Delegations noted that regional and subregional co-operation was already under way in some cases. One delegation drew attention to the Sofia Declaration of 1999 as an example of a subregional effort to improve co-operation, particularly with regard to attempts to harmonize end-use documentation. Another delegation drew attention to the Warsaw Call for Action.
The final part of the working session related to confidence-building and transparency measures. A few delegations mentioned that information exchange should not be considered as an end in itself, but as a tool in combating illicit trafficking. Several delegations noted the value of exchanging information on:
- National practices and legislation;
- Confiscations and destruction of illicitly trafficked weapons;
- Official agents;
- Authorized brokers.
A few delegations also pointed to the value of information sharing relating to holdings, legal transfers and transfer denials of small arms and light weapons.
Tuesday, 4 April 2000
WORKING SESSION III
Report of the Working Session
Rapporteur Agenda item 2: Reduction
Beginning with the issue of how to improve stockpile management and security, the first keynote speaker discussed what the practical steps involved in stockpile security and stockpile management of SALW should be. With reference to stockpiles of surplus SALW made to military specifications for military purposes, practical aspects should include location of stockpiles, access control measures, reaction forces, protective lighting, intrusion detection devices and lock-and-key security controls. As regards management inventories, these should include hand receipting, reporting of losses and training of personnel. Possible contributions by the OSCE to improving stockpile management and security could cover a collective commitment to attend to these practical aspects and the development of a technically oriented "best practice" guide.
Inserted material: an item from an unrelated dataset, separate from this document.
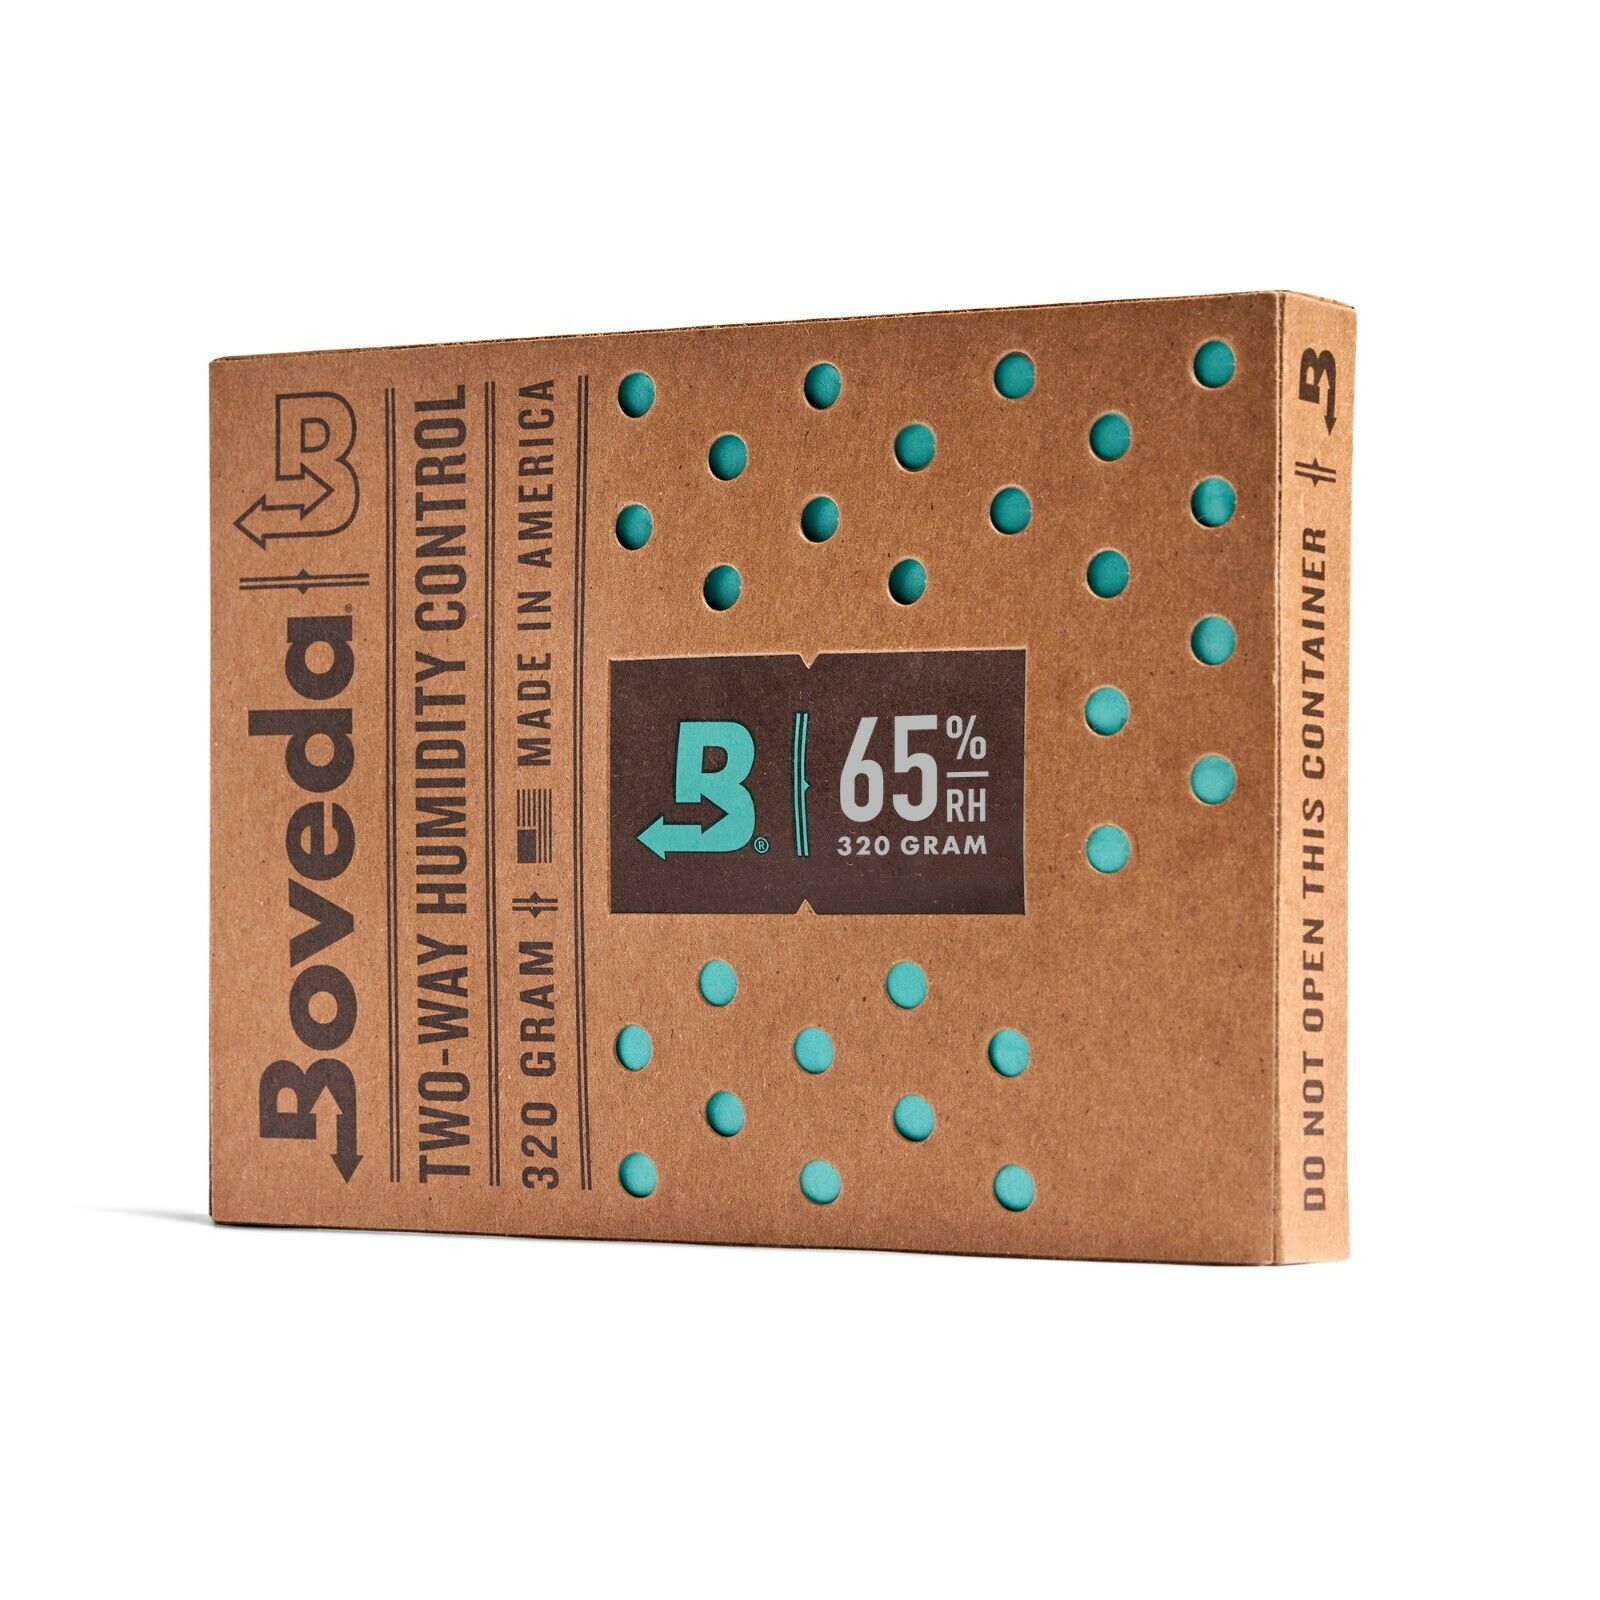 Boveda 65% RH 2-Way Humidity Control - Protects & Restores - Size 320 - 1 Count

Whereas one delegation considered the issue as too technically specific for the OSCE, some other delegations advocated the setting of key guidelines by the OSCE with regard to stockpile management and security. Complementary to what the Euro-Atlantic Partnership Council (EAPC) is doing in this field, the OSCE's approach would also touch on the various stockpiles held by forces other than the military, such as police and paramilitary forces. Furthermore, delegations stressed the importance of the issue for the recognition of surpluses and the prevention of loss and theft of SALW. Another delegation emphasized the need for norm-setting with a view to taking into account the capacities of recipient States as a condition for SALW transfers.
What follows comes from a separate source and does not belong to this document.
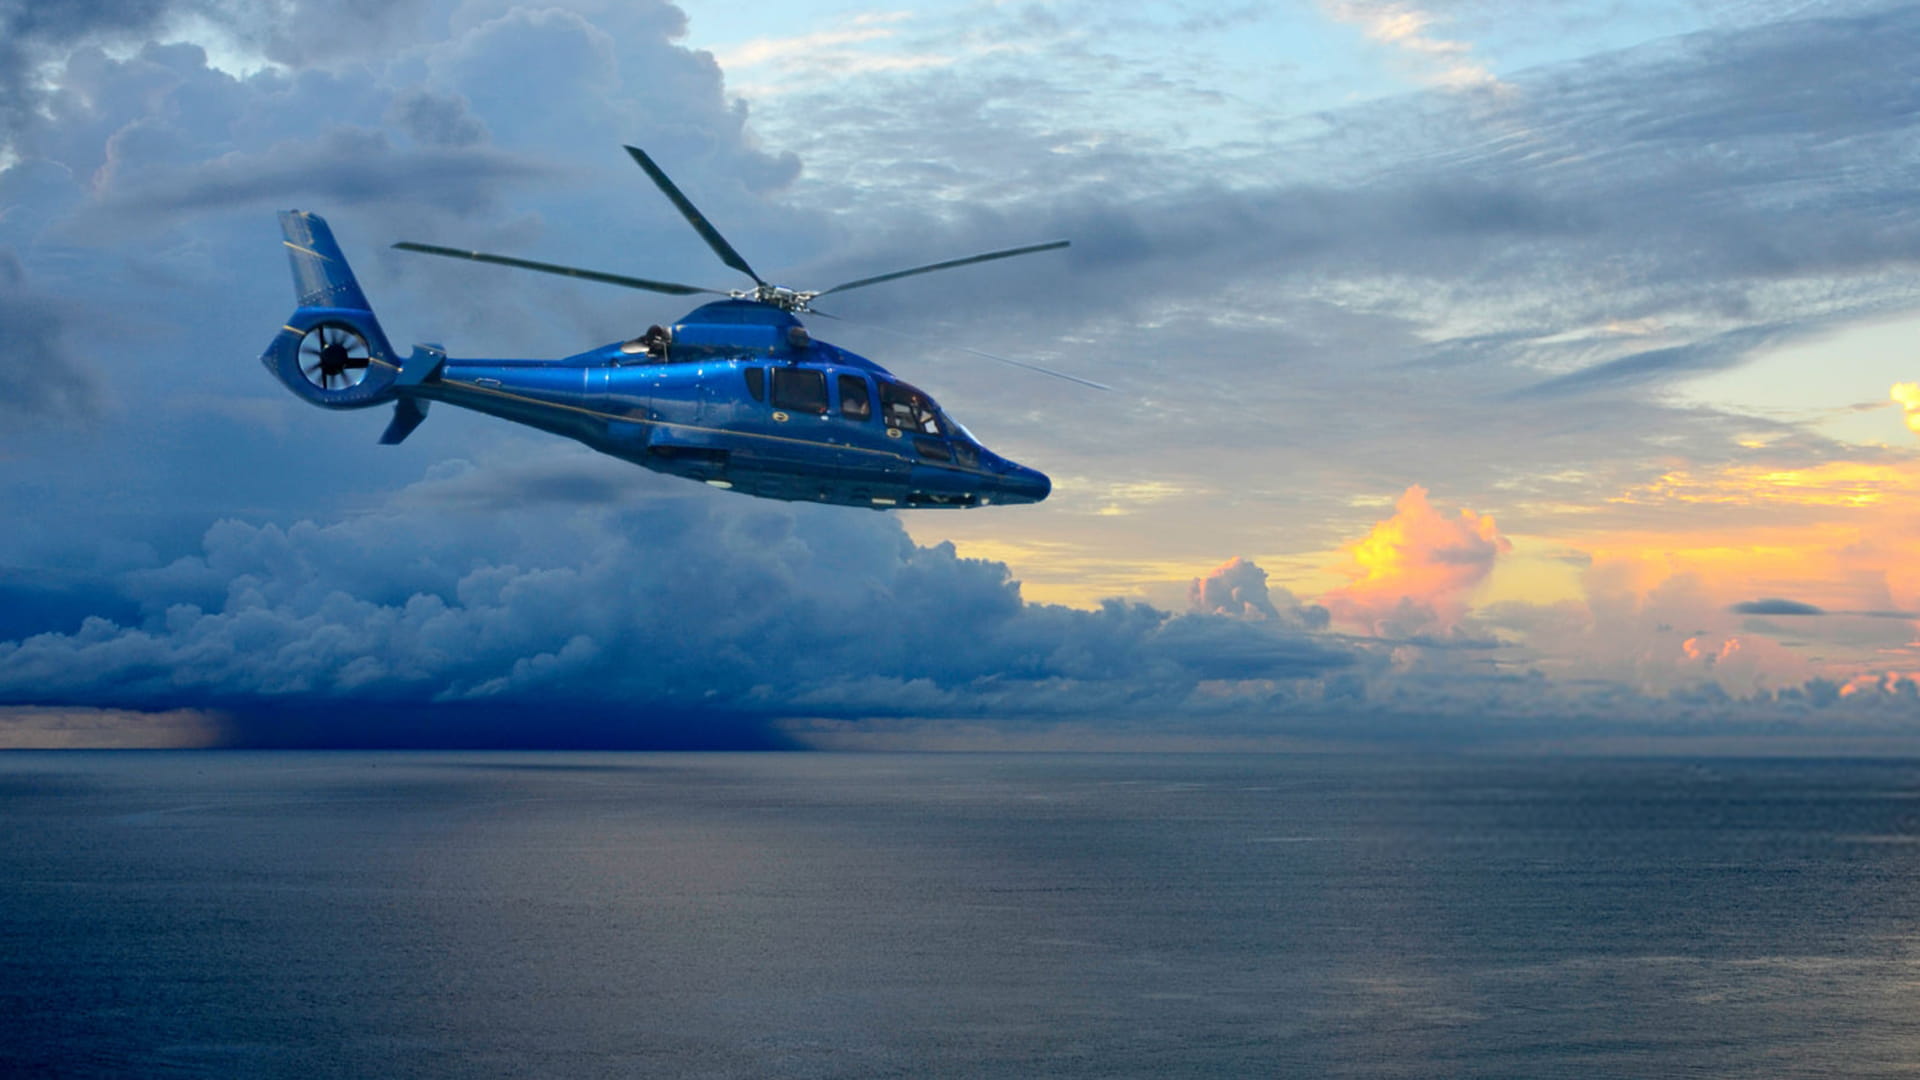 helicopter flying above ocean with dark blue clouds in the background

The OSCE was considered to be an appropriate institution for the exchange of views on stockpile management and security, in order to identify best practices. In this connection, one delegation suggested following the example of the Code of Conduct on politico-military aspects of security by establishing principles and exchanging information, e.g. on national legislation.
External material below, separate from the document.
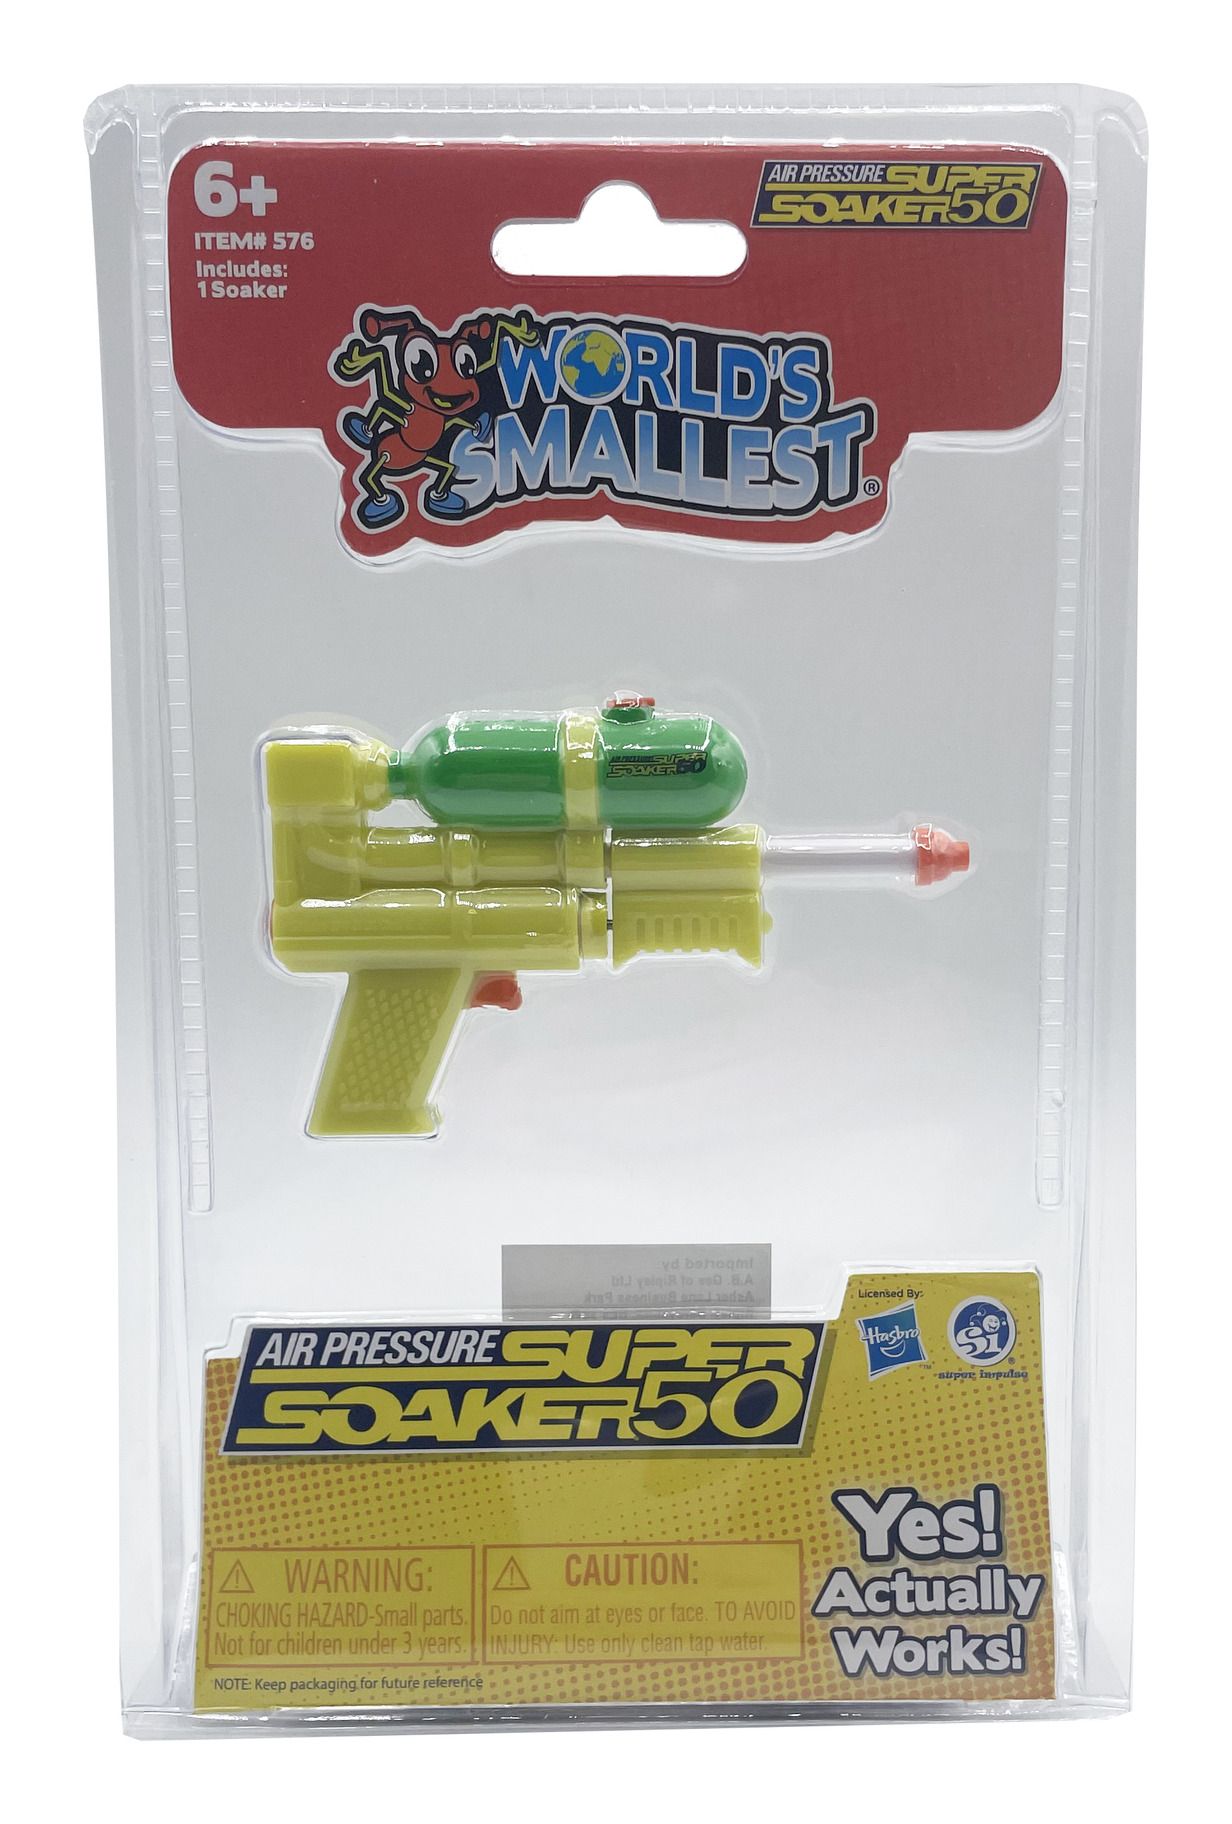 NEW* Spyra Two Duel Electronic Water Gun Set - Red+Blue / World's

The issue of indicators of a surplus of SALW is closely linked to the definition of legitimate security needs. While no one disputed that ultimately it is up to each State to decide on its individual security needs, one delegation recommended that the OSCE should try to reach a common understanding with regard to the establishment of general indicators for the existence of a surplus of SALW. In this connection, one delegation gave as an example a review of security policy implying a reduction of armed forces and the replacement of old by new weapons implying a reduction of weapons. Another delegation suggested that arms supplier States also have a responsibility to judge whether a potential recipient had a surplus, and to refuse to supply such States unless the surpluses were eliminated.
The second keynote speaker focused on purposes and methods of destruction of SALW. He underlined the need for weapons disposal programmes to be aimed not only at reducing excessive and destabilizing accumulations of SALW, but also at preventing their unlimited availability and possible accumulations. While there were key features inherent in each destruction technique, it would be up to the designers of specific weapons destruction programmes to address the specific need of the programme concerned. The OSCE should promote a legal framework at the national level to cover destruction, establish guidelines on the most reliable destruction methods and possibly perform clearing-house functions with regard to destruction programmes. A clearing-house function, addressing specific needs and requirements, could operate in complementarity to the work of the EAPC, and bear in mind the experience acquired by NGOs.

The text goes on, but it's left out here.